Sometimes it’s really hard to write for this blog. I’ve written, and discarded, two posts already, and who the hell knows if this one will ever make it to the light of day. But I guess, let’s try anyway.
I can’t think of any topic in life that I’m not torn about in one way or other. Some say I take life too seriously, and maybe they’re right. Life is too ephemeral to take seriously – no matter what you do in this life, we all end up in the same place within generally the same timeframe, and nothing we do ultimately has any impact on anything at all. On the other hand, is not life too improbable to be flippant about? It is perhaps the greatest contradiction in life – perhaps the fundamental one – that we do not want to waste what is already wasted.
I feel much the same way about Japan, if I am to be honest. Learning Japanese is an interesting intellectual exercise, but at the end of the day, it’s essentially a useless one. I don’t think I will ever go to Japan – I just don’t see the point in doing so, if I’m to be honest. I mean, it’s an interesting place, and there are some interesting things to see, but ultimately it’s just like where I live, just with different people, and all that entails. It seems a lot of time and money wasted. I have found talking to Japanese people to be an exercise in futility – they don’t seem to like me for some reason. Perhaps I am too direct. Perhaps they rightly sense my latent misanthropy. Why spend all the time and money to try to get to know a people who like me just about as much as everyone else does? I can be rejected a half mile away from home, after all.

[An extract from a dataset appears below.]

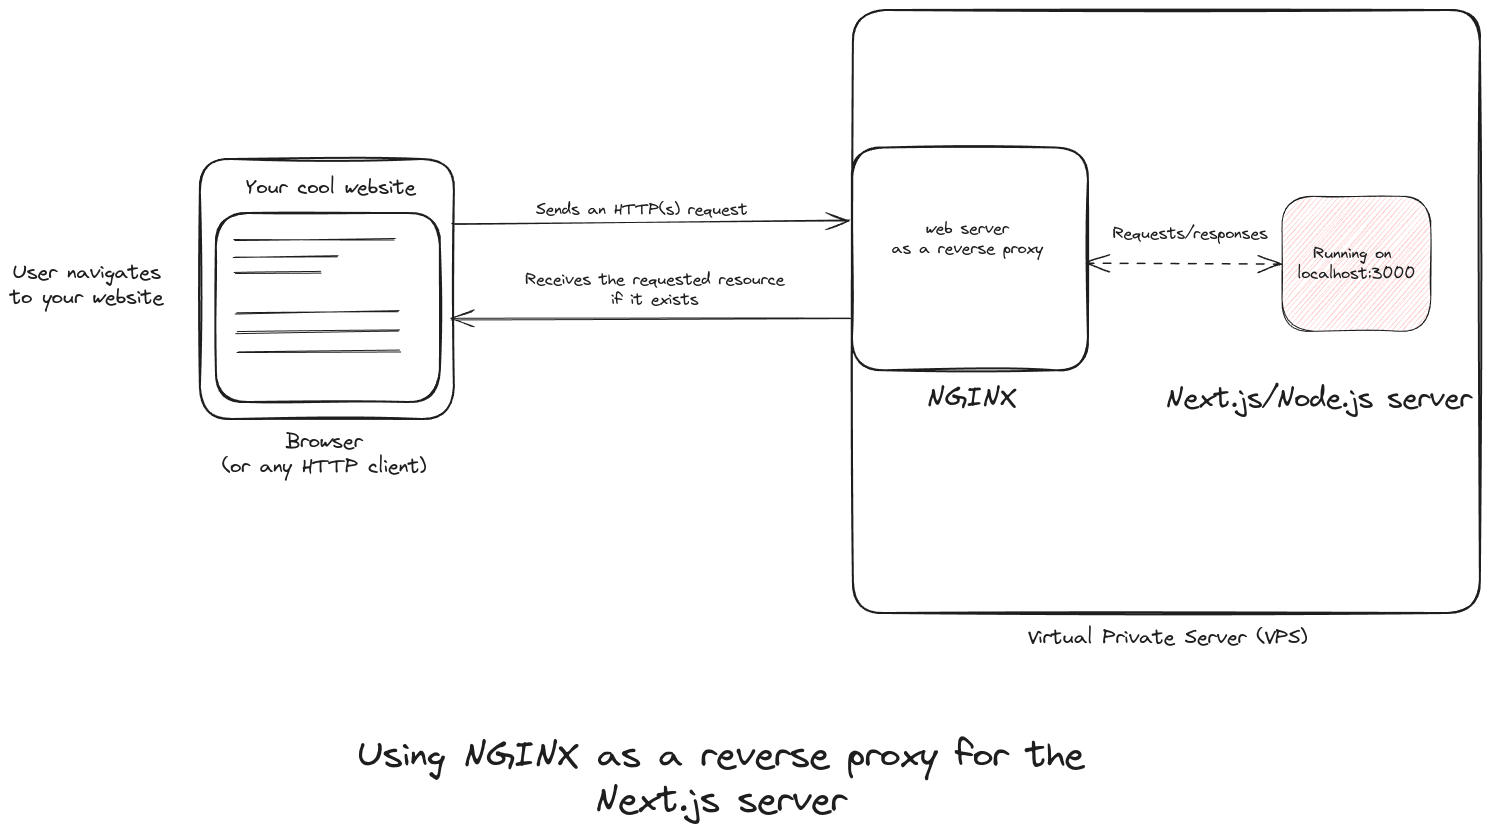 Using NGINX as a reverse proxy for the Next.js server

And yet, for some reason, I still do it. Perhaps I am driven by something I don’t understand. Perhaps I just don’t like to give up on something I’ve invested so much into (the “sunk cost” fallacy in action). Perhaps learning things is the only reason I’ve ever had for living, and if I can’t learn something new, I may as well just hang it up here – and perhaps Japanese has become familiar enough that I’m starting to itch for the next adventure.
I’ve been feeling lately that I need to pull back on pretty much everything and seek the ultimate answer to life, the universe, and everything. I won’t be at all happy until I find it. And maybe I never will.